The full transformation code can be found in the G-Research/dgraph-lanl-csr project.
You can find step-by-step instructions on how to run the Spark application in README.md.
The dataset
The dataset published by Advanced Research in Cyber Systems is a temporal graph that models events between computers and users. It consists of five files:
File | Lines | Size | Description |
---|---|---|---|
auth.txt.gz |
1,051,430,459 | 7.2 GB | authentication attempts of user from one computer to another |
proc.txt.gz |
426,045,096 | 2.2 GB | processes started on computers by users |
flow.txt.gz |
129,977,412 | 1.1 GB | network traffic between computers |
dns.txt.gz |
40,821,591 | 0.2 GB | DNS requests sent by computers |
redteam.txt.gz |
749 | 0.0 GB | known events where users compromising computers |
The output temporal graph has 1.6 bn nodes and 11 bn triples. The graph model has 8 node types, 19 property and 8 edge types.
Load the dataset
First we define the input schema with one case class
per file:
case class Auth(time: Int, srcUser: String, dstUser: String, srcComputer: String, dstComputer: String, authType: Option[String], logonType: Option[String], authOrient: Option[String], outcome: Option[String])

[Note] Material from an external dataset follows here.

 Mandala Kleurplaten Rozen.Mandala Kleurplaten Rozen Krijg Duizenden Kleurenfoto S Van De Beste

case class Proc(time: Int, user: String, computer: String, processName: String, eventType: String)
case class Flow(time: Int, duration: Int, srcComputer: String, srcPort: Option[Int], dstComputer: String, dstPort: Option[Int], protocol: Option[String], packets: Option[Int], bytes: Option[Long])

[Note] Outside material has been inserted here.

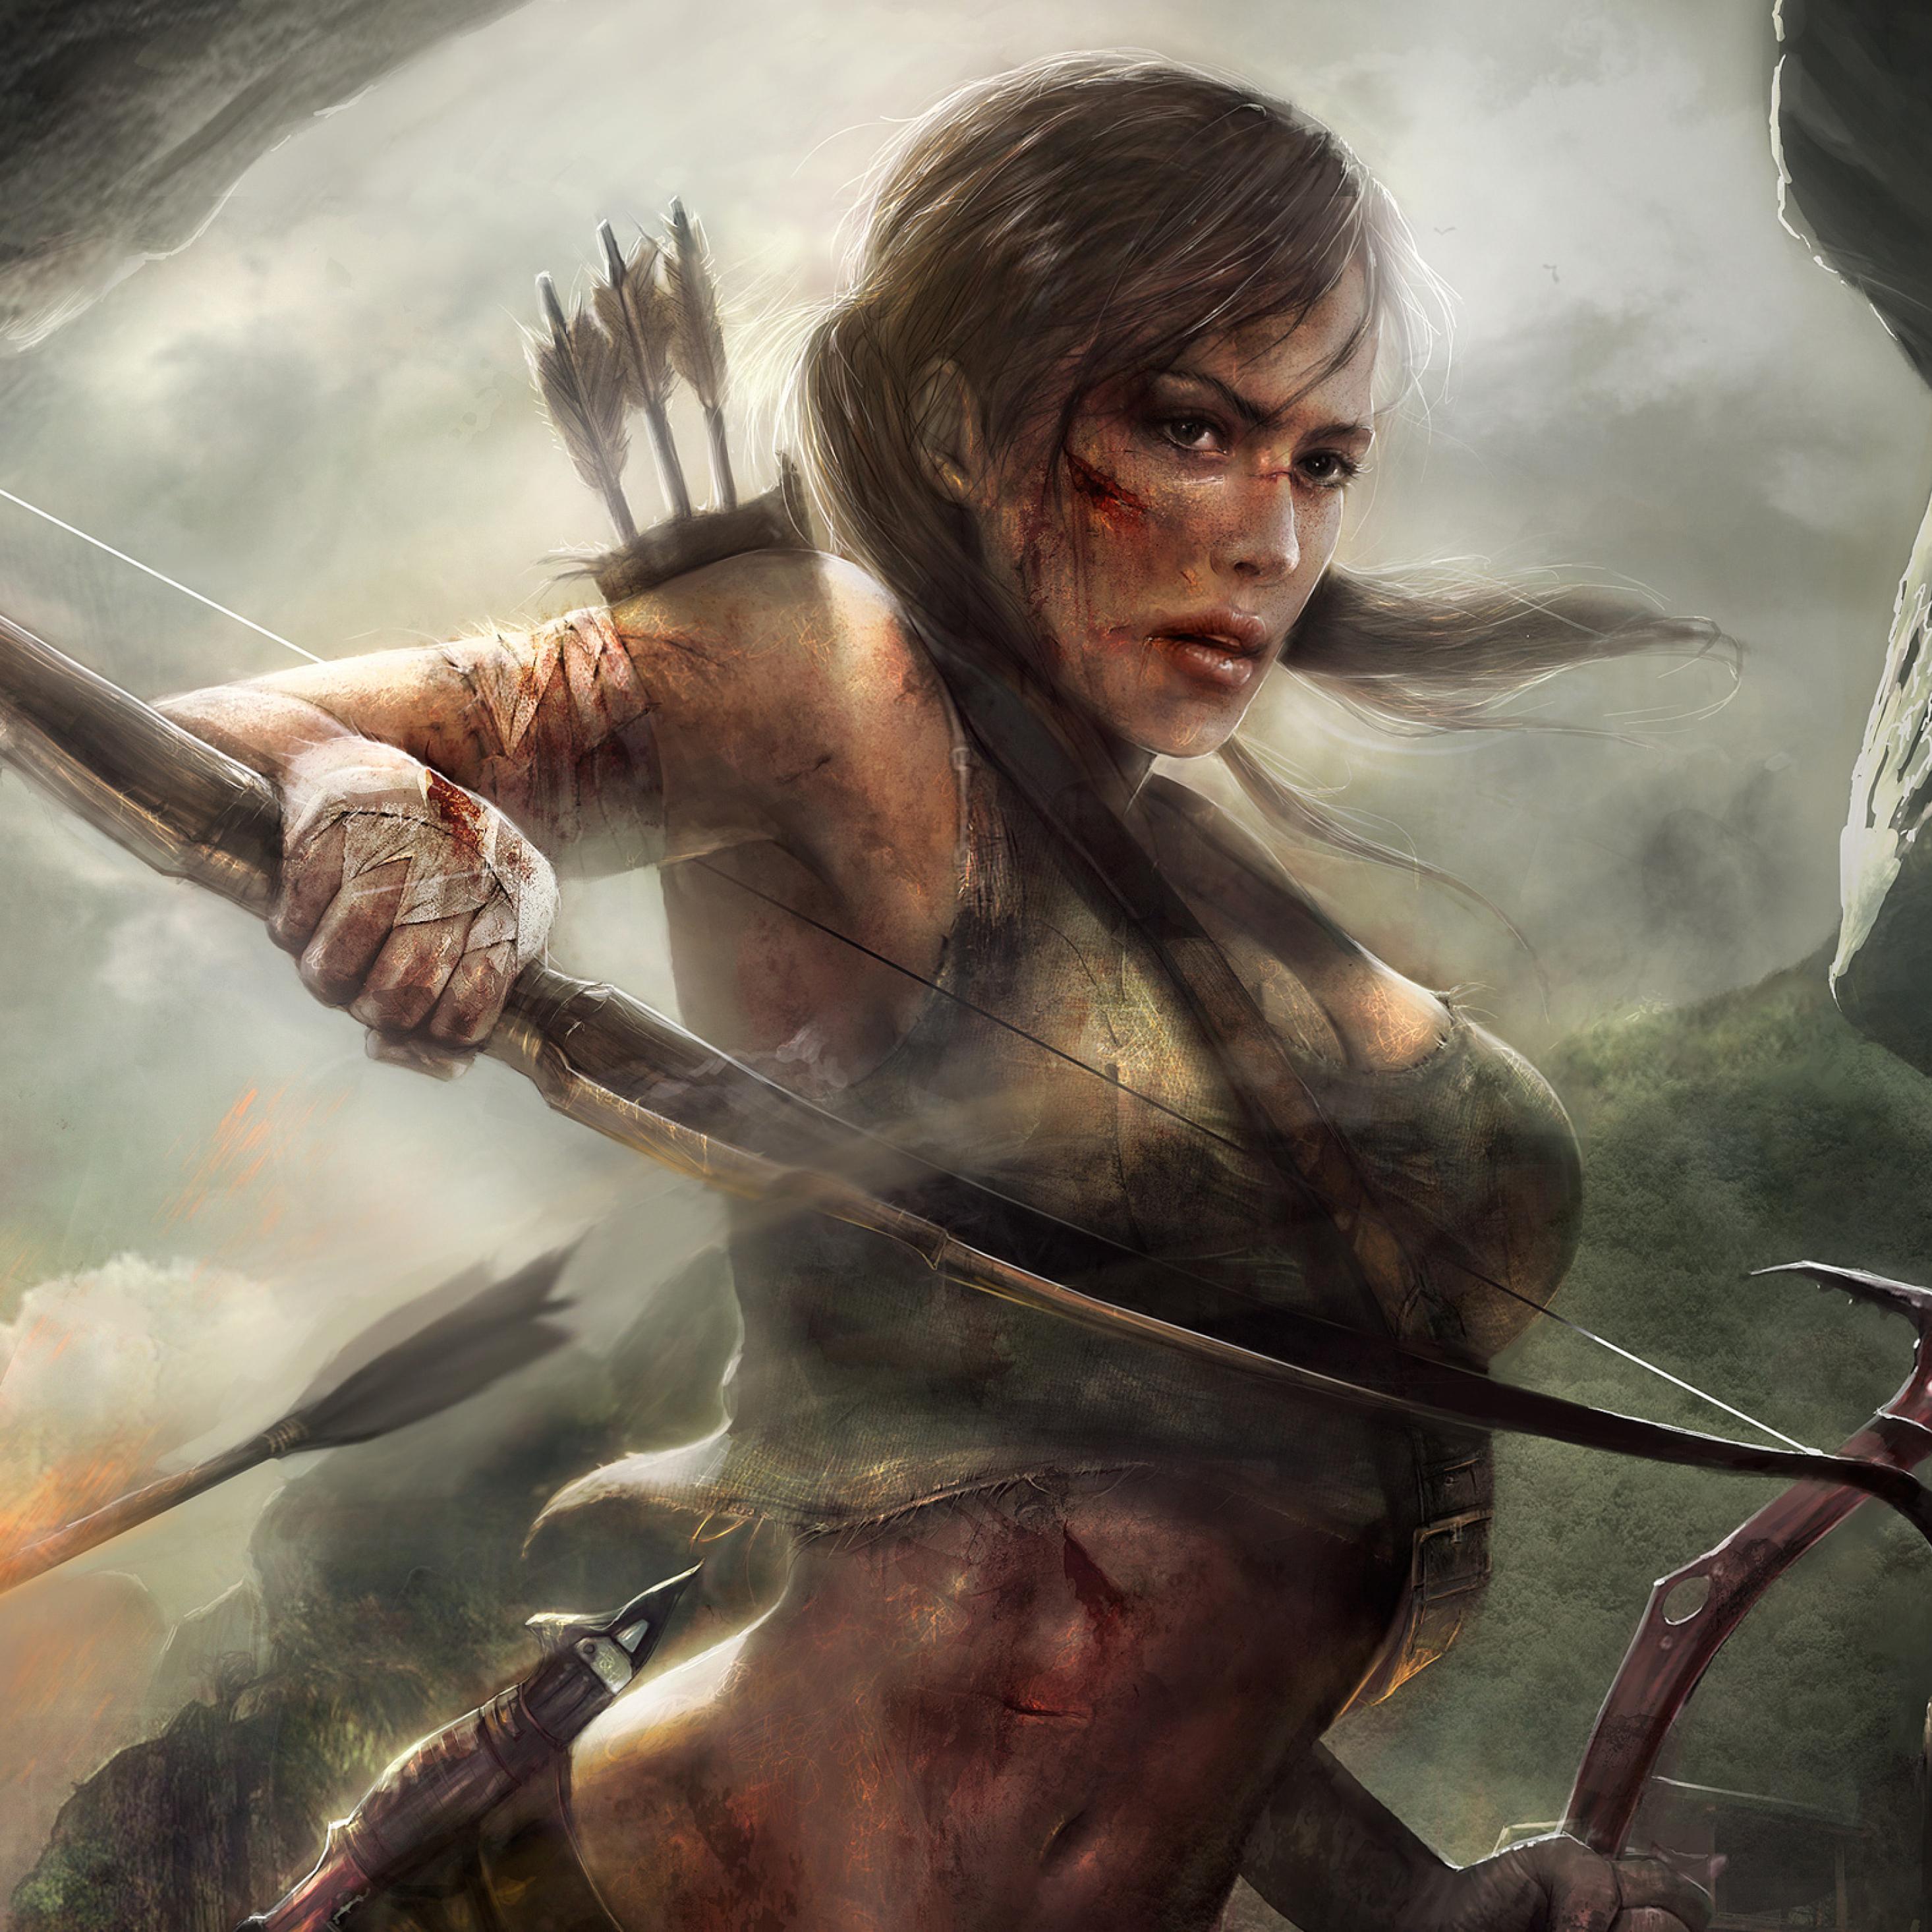 Tomb Raider Iphone Wallpaper: Lara Croft Tomb Raider Artwork, Full HD 2K Wallpaper

case class Dns(time: Int, srcComputer: String, resolvedComputer: String)
case class Red(time: Int, user: String, srcComputer: String, dstComputer: String)

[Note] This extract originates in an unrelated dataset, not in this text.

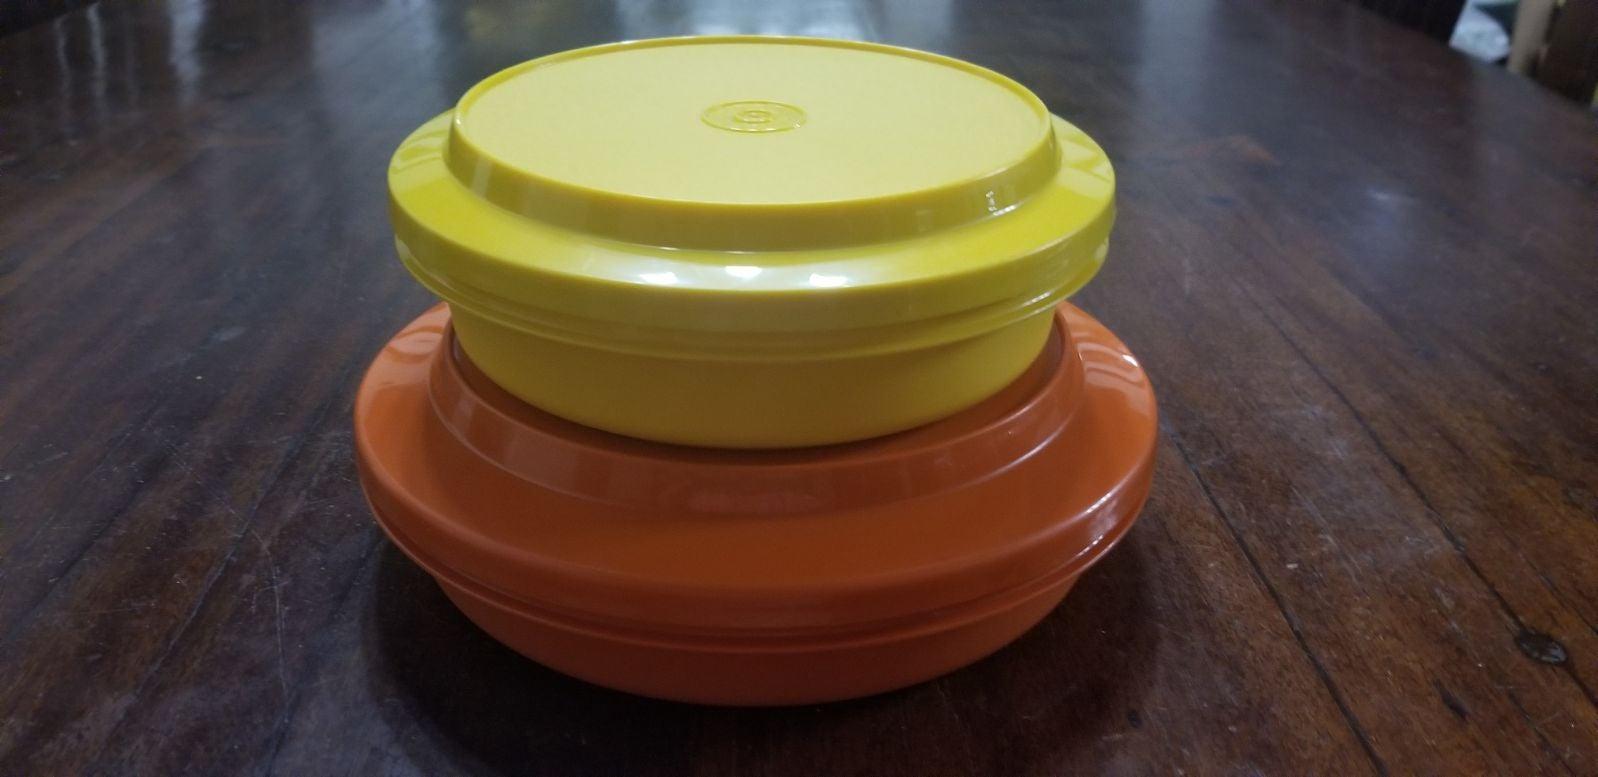 Vintage Tupperware Seal and Serve

And we define a helper method to read any input file:
def read[T](path: String)(implicit spark: SparkSession, encoder: Encoder[T]): Dataset[T]
spark
.read
.option("nullValue", "?")
.schema(encoder.schema)
.csv(path)
.as[T](encoder)
Now we can load all dataset files:
val auth = read[Auth](s"$inputPath/auth.txt")
val proc = read[Proc](s"$inputPath/proc.txt")
val flow = read[Flow](s"$inputPath/flows.txt")
val dns = read[Dns](s"$inputPath/dns.txt")
val red = read[Red](s"$inputPath/redteam.txt")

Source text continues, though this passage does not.